Labour has its own wobbles, annoying but minor compared with the coming Tory thunderstorms. Chuka Umunna and the 48 Labour rebels who voted for a Queen’s speech amendment to stay in the single market are understandably impatient with Labour’s prevarication over this national car-crash. They insist, convincingly, this was no idle anti-Corbyn cabal: This is their only conflict with him. What’s more, they were secretly urged on by would-be future Tory rebels. They passionately believe Labour should stand unequivocally for the nation’s good. They are right to protest that no one made the passionate, principled case for Europe: not Blair, not Brown, not Cameron. That’s how the cause was lost, as prime ministers pandered to populist xenophobia, despite the EU’s political, social, cultural and economic importance. Remember Brown’s secret scuttle to sign the Lisbon treaty?

Behind the rebellion was concern that Corbyn and his people are at best indifferent, at worst hostile to the EU. Had he put the same magnificent campaigning energy into the referendum, he would have swung it.

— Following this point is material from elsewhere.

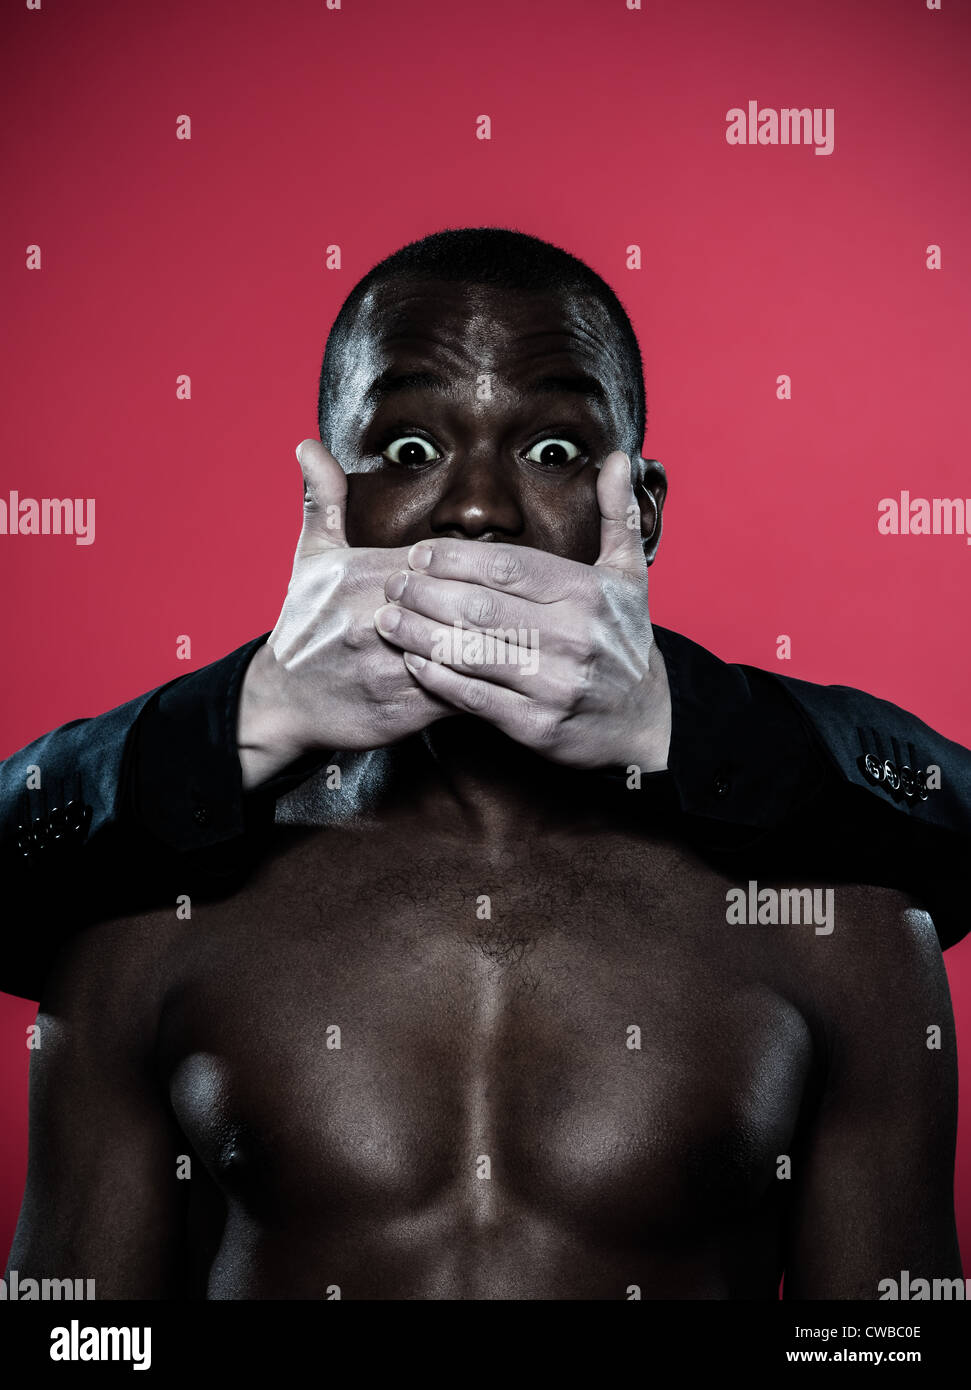 one african man hand on his mouth Freedom of speech concept Stock Photo

Oh Jeremy Corbyn, why doesn’t Brexit figure at Glastonbury and other rallies? Brexit lacks left/right ideological clarity, while alliances with Tories may appal his supporters. When Corbyn’s new chairman, Ian Lavery, says Labour is “too broad a church” and he wants deselections of the aberrant, alliances beyond Labour for tactical ambushes start to look problematic.

In politics, timing is all. Keir Starmer and most Labour MPs feel no less strongly than the rebels that Brexit, especially a hard Brexit, consigns Britain to a dark future, so they were irritated. Starmer has piloted a clever path.

Close observers see a new Corbyn emerge from the election. The imminent prospect of No 10 is waking him to a wider world. European leaders are suddenly interested as they may be dealing with him soon — and he shows new keenness to meet them.

John McDonnell is newly alert to the risk of arriving in the Treasury amid a full-blown economic crisis, with Treasury receipts plummeting, as banks already plan moves to Dublin and Paris. On Monday, the car industry reported a slump in manufacturing investment : It’s likely to reach only a quarter — the level of two years ago. The economy slides, with the lowest growth in the G7, pay falling behind Brexit-caused inflation, trade deficits worse and personal debt dangerously high. Labour arriving in power to end austerity needs a soft landing from Brexit — or to abandon it if economic woe shifts voters’ priorities.

But for now, Labour is right to hold its fire, Starmer waiting to see the whites of enemy eyes. The Lib Dems’ “Remain” stand at the last election is a warning against getting ahead of the voters.

Labour is disputing tactics, but the Tories are locked in a mortal and possibly terminal civil war: They can agree no Brexit outcome. All they can try for is a transition stretching into the blue yonder — where Labour may take over and resolve this disaster.

— Guardian News & Media Ltd

Polly Toynbee is a columnist for the Guardian.